The inflationary effect

High inflation generally hits nonprofits on two fronts. The first is that amounts many individual donors have to give will shrink as the costs that organizations incur to provide services rises. Younger donors, who are likely experiencing their first prolonged period of serious inflation, are especially vulnerable. But even older and wealthier donors might curtail their giving if they hold assets, such as fixed-interest bonds, that are susceptible to inflation. Government funding also could be at risk if state and local governments are forced to trim their discretionary spending.

The second is that nonprofits have reduced purchasing power. If your organization provides services or has gas expenses, it may make adjustments. Simultaneously, you might find it necessary to boost compensation to recruit and retain quality employees, whose own costs of living have gone up.

Impact on (and of) interest rates

The Federal Reserve (Fed) is tasked with both controlling inflation and maximizing U.S. employment. With the employment numbers — particularly the jobless rate — strong as of this writing, it’s focused on hiking interest rates to combat inflation. The Fed consistently raised rates in 2022, from near zero early in the year, and the Fed’s chair has indicated a preference for maintaining higher interest rates for “some time.”
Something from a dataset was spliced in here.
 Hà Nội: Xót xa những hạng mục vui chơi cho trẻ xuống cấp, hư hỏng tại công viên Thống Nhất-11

So what does that mean for nonprofits? Just like for profit-based businesses, it suggests higher borrowing costs. If you need to buy equipment or property, or just make improvements to existing property, it will likely cost more to finance those purchases. If you lock into an interest rate now, you’ll have to pay it even if rates drop in coming years. On the other hand, if you opt for an adjustable rate, you could face even higher rates during your loan term.

Steps to mitigate risks

Nonprofits can take measures to reduce the potential pain from inflation and high interest rates. For example, you should consider:

  • Delaying any projects or purchases that require financing or are still at high price points due to shortages,
  • Making technological investments that will allow you to decrease your staffing costs,
  • Developing alternative revenue streams (for example, you might charge a fee for services you already offer), and
  • Developing partnerships with other organizations (for example, provide joint or complementary services or share space).
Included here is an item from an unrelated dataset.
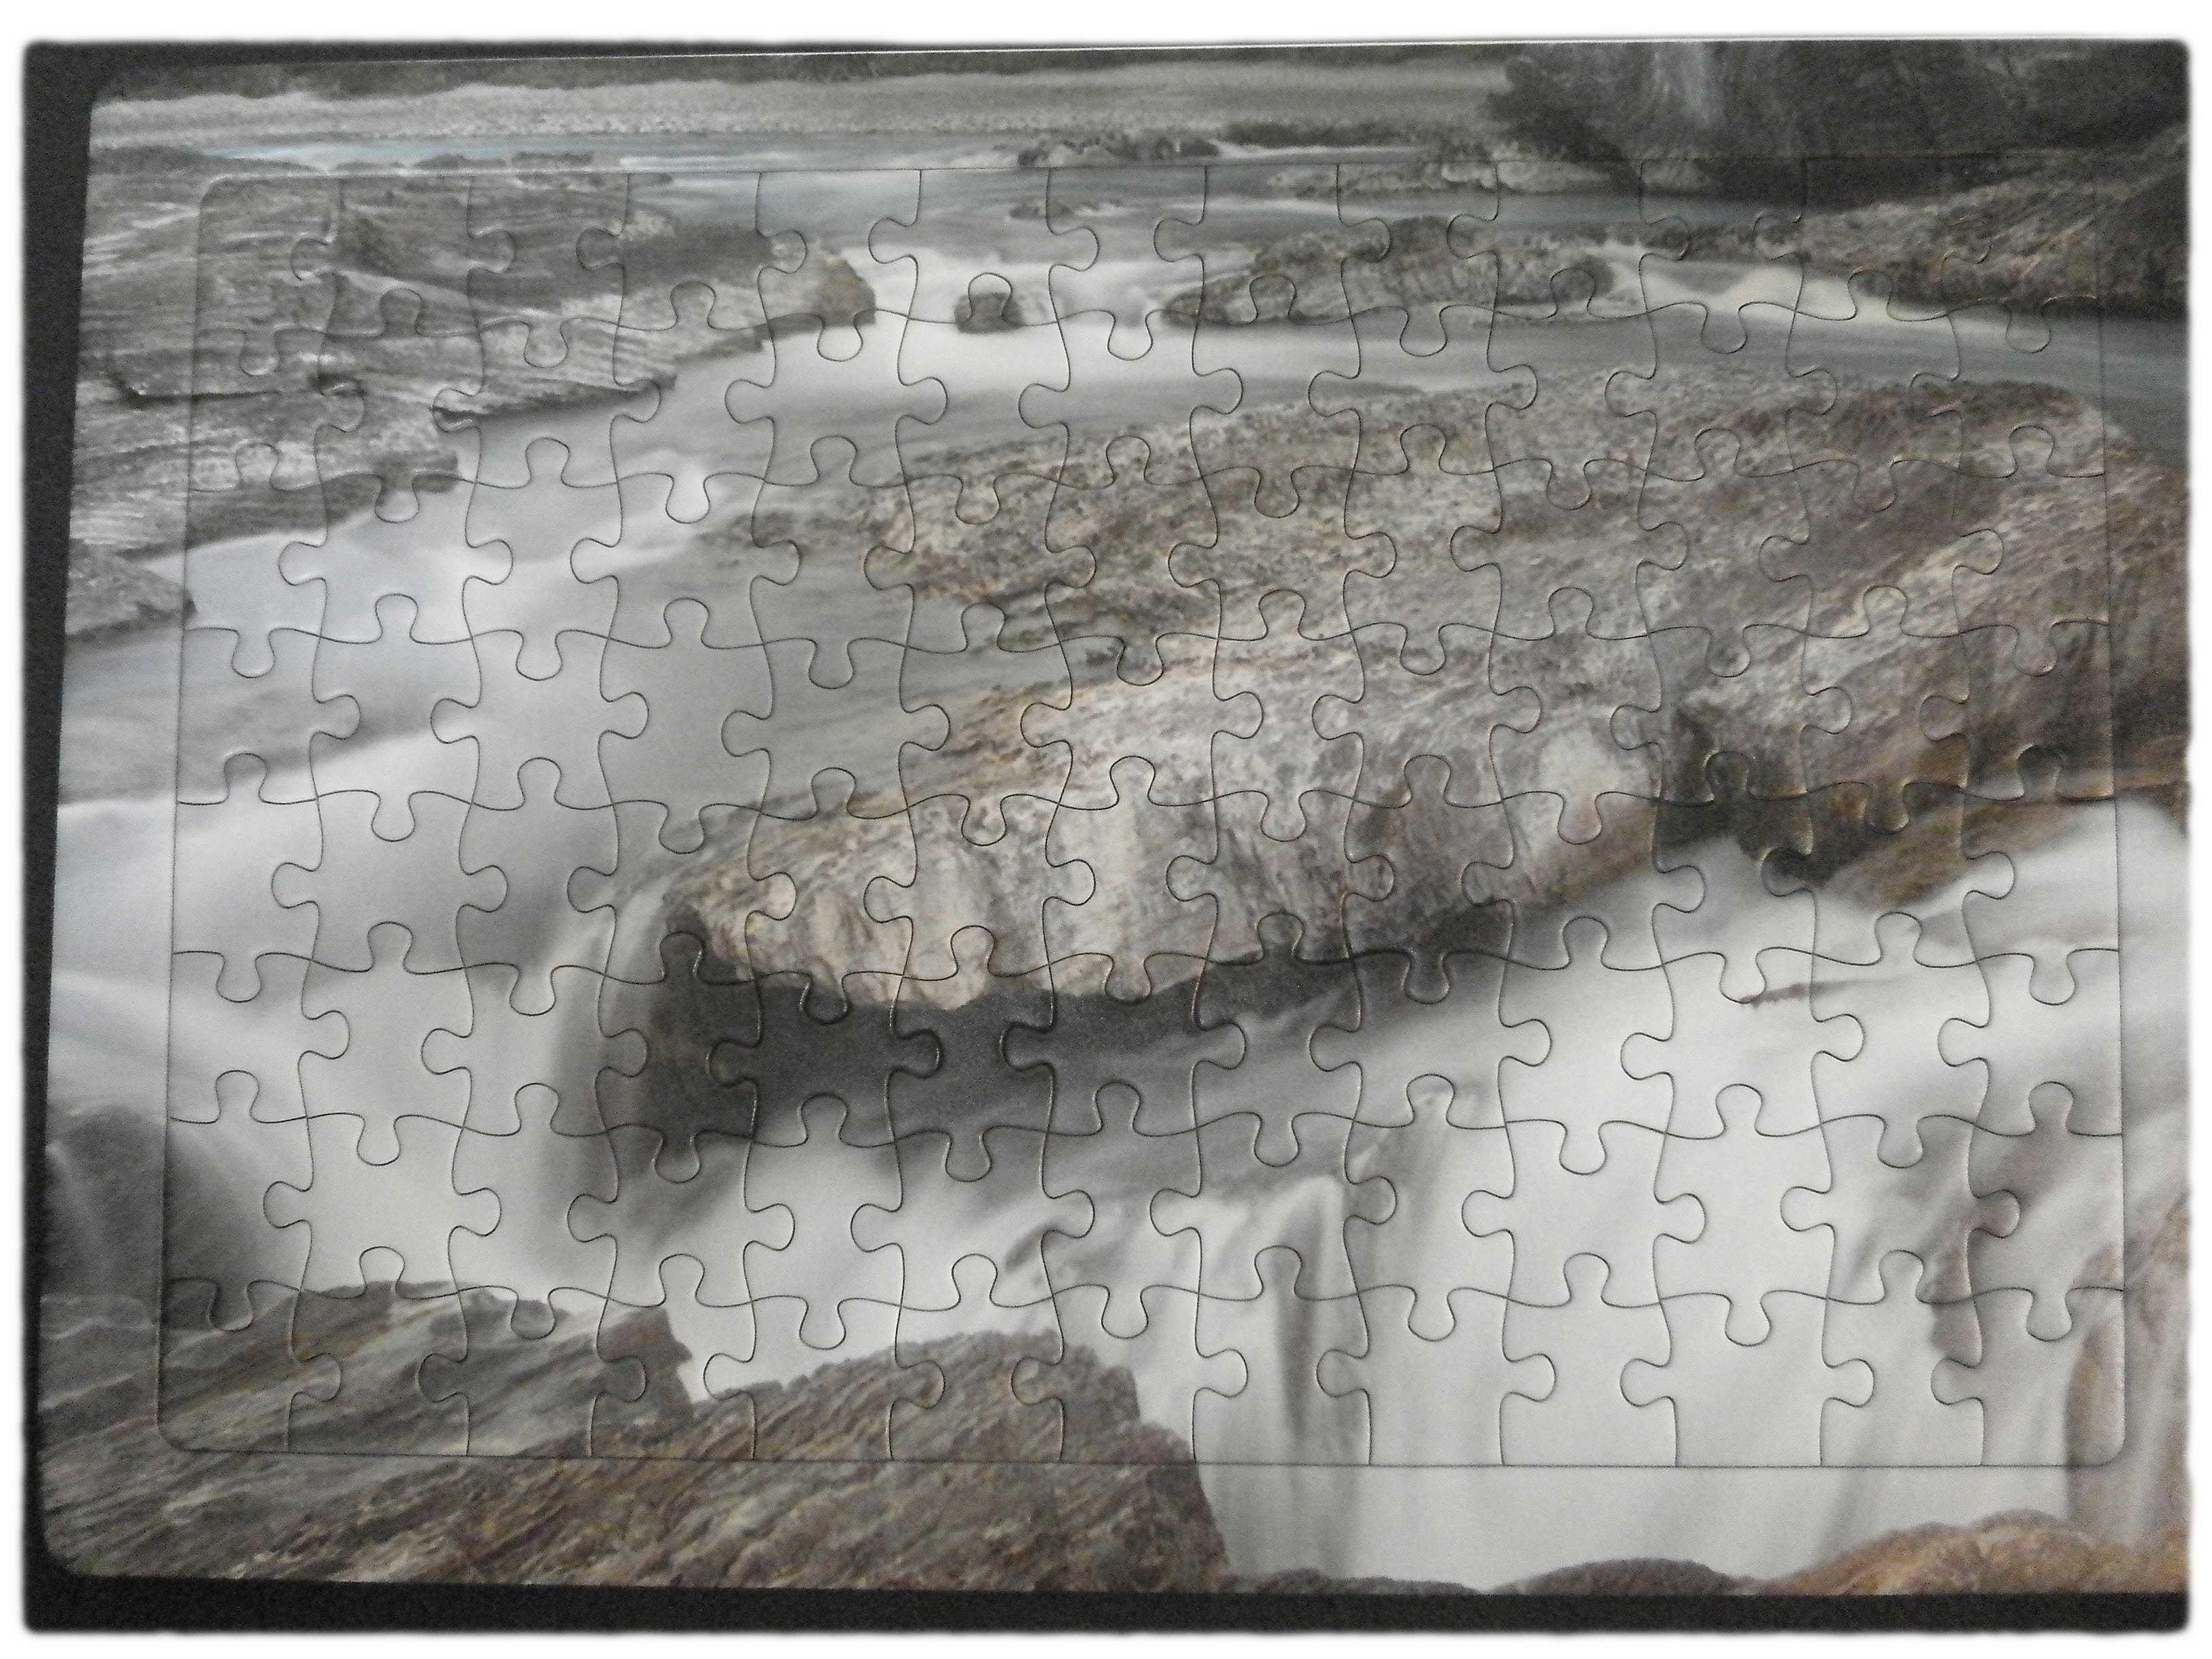 オリジナルジグソーパズル画像

With the stock market continuing to fluctuate, this also could be a great time to seek donations of appreciated stock. Potential donors wary of falling stock prices could receive valuable tax benefits by donating shares when prices are relatively high, rather than taking losses after prices drop. Older donors also could reap tax breaks by making qualified charitable distributions (also known as charitable IRA rollovers) of appreciated assets.

Hang in there

The current economic situation shouldn’t leave nonprofits without hope — there are reasons for optimism. Supply chains have become more stable since their 2020-2021 woes, and some financial experts believe inflation is showing signs of decelerating. In fact, some experts believe inflation may have peaked, and, if the Fed comes to the same conclusion, interest rates could level off in the near future. Taking the steps outlined above can help your nonprofit keep its head above water until then.